● **Task prompt**
The line containing "Obtaining customer feedback: Part two Image" marks the end: output every line of the data up to it, and that line too, exactly as written.

########################################

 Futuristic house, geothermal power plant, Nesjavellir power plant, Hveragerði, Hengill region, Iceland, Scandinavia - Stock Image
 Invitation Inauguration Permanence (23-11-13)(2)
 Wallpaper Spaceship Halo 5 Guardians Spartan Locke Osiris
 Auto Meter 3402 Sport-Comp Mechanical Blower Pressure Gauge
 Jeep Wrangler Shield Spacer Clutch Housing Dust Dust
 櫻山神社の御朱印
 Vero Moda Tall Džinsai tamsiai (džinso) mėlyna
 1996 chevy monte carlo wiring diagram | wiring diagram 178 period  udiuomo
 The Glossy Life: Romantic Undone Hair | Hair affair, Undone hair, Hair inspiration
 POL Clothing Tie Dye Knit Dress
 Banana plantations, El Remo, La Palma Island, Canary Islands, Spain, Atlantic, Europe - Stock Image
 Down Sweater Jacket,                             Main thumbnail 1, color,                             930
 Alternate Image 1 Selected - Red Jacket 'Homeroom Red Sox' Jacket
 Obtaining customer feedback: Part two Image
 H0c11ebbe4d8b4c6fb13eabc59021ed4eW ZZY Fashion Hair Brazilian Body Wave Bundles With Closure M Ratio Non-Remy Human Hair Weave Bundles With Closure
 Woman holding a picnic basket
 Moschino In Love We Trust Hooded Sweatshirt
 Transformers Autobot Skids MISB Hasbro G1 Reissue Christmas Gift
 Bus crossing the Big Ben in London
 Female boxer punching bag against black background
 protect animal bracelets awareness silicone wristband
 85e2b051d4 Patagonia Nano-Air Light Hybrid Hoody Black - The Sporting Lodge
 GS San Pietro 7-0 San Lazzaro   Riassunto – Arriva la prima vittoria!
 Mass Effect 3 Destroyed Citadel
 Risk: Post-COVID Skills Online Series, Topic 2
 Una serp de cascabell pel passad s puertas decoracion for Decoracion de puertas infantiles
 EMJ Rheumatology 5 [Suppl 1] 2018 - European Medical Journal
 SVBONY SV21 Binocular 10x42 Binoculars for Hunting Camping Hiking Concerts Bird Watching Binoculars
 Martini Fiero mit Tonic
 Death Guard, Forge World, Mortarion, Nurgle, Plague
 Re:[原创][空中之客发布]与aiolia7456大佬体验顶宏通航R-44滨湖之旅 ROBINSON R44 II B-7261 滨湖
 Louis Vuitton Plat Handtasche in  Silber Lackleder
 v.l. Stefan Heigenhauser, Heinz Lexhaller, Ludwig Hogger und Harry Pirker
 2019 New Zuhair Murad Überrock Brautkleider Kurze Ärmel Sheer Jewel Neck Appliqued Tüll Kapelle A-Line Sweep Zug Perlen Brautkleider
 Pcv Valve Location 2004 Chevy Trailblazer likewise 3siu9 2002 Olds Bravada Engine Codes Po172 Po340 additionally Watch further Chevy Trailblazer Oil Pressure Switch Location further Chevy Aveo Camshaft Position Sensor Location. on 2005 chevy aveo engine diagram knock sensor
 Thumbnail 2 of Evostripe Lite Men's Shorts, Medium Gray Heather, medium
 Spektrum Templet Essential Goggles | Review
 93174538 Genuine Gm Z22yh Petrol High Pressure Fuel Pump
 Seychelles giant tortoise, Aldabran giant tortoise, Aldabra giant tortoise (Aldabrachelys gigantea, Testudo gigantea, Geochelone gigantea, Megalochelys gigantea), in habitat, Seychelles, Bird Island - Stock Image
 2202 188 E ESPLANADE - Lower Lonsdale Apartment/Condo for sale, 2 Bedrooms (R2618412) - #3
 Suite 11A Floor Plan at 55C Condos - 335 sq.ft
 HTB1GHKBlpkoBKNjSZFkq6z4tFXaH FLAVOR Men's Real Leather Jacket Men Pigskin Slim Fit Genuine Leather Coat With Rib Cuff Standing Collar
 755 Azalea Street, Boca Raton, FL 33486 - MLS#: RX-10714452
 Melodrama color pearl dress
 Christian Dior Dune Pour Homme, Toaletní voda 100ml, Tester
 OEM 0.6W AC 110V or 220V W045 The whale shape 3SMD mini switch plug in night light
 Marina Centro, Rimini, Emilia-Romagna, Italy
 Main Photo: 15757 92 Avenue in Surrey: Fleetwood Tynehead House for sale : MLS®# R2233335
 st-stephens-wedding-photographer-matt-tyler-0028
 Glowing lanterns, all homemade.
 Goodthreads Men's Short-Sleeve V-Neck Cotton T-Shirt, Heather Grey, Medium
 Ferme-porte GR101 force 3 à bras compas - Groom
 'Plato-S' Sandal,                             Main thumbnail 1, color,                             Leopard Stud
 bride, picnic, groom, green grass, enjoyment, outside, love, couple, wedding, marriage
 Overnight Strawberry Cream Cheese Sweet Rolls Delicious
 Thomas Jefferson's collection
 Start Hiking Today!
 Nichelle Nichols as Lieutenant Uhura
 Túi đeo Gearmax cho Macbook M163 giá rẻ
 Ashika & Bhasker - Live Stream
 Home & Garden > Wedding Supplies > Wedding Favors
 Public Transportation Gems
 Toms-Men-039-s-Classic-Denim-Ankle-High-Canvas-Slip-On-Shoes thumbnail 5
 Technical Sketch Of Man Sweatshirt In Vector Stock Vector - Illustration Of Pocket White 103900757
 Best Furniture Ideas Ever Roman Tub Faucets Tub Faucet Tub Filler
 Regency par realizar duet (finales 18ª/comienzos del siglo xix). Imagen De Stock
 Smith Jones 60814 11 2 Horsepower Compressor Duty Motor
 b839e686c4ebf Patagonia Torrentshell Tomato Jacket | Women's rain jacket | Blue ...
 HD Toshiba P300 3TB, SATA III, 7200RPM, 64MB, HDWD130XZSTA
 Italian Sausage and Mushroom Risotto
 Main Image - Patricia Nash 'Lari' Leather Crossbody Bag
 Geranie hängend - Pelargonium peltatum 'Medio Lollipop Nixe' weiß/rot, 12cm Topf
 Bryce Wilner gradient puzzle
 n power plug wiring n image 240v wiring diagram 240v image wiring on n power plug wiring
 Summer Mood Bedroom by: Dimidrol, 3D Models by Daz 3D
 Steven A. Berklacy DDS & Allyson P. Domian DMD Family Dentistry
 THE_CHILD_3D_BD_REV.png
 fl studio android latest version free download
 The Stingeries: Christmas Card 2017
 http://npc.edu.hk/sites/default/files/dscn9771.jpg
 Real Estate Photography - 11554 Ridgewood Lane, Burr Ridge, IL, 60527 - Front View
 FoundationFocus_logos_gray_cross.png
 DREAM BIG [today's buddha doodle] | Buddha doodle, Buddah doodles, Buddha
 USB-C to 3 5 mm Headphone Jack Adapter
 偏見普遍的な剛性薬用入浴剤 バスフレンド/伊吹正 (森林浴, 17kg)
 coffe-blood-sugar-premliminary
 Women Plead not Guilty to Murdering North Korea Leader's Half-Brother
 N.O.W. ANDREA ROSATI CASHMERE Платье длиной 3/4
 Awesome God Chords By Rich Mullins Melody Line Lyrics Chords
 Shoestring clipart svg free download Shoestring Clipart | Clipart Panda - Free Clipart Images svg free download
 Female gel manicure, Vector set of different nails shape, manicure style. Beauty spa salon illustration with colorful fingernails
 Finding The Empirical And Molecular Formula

########################################

● **Exercise answer**
 Futuristic house, geothermal power plant, Nesjavellir power plant, Hveragerði, Hengill region, Iceland, Scandinavia - Stock Image
 Invitation Inauguration Permanence (23-11-13)(2)
 Wallpaper Spaceship Halo 5 Guardians Spartan Locke Osiris
 Auto Meter 3402 Sport-Comp Mechanical Blower Pressure Gauge
 Jeep Wrangler Shield Spacer Clutch Housing Dust Dust
 櫻山神社の御朱印
 Vero Moda Tall Džinsai tamsiai (džinso) mėlyna
 1996 chevy monte carlo wiring diagram | wiring diagram 178 period  udiuomo
 The Glossy Life: Romantic Undone Hair | Hair affair, Undone hair, Hair inspiration
 POL Clothing Tie Dye Knit Dress
 Banana plantations, El Remo, La Palma Island, Canary Islands, Spain, Atlantic, Europe - Stock Image
 Down Sweater Jacket,                             Main thumbnail 1, color,                             930
 Alternate Image 1 Selected - Red Jacket 'Homeroom Red Sox' Jacket
 Obtaining customer feedback: Part two Image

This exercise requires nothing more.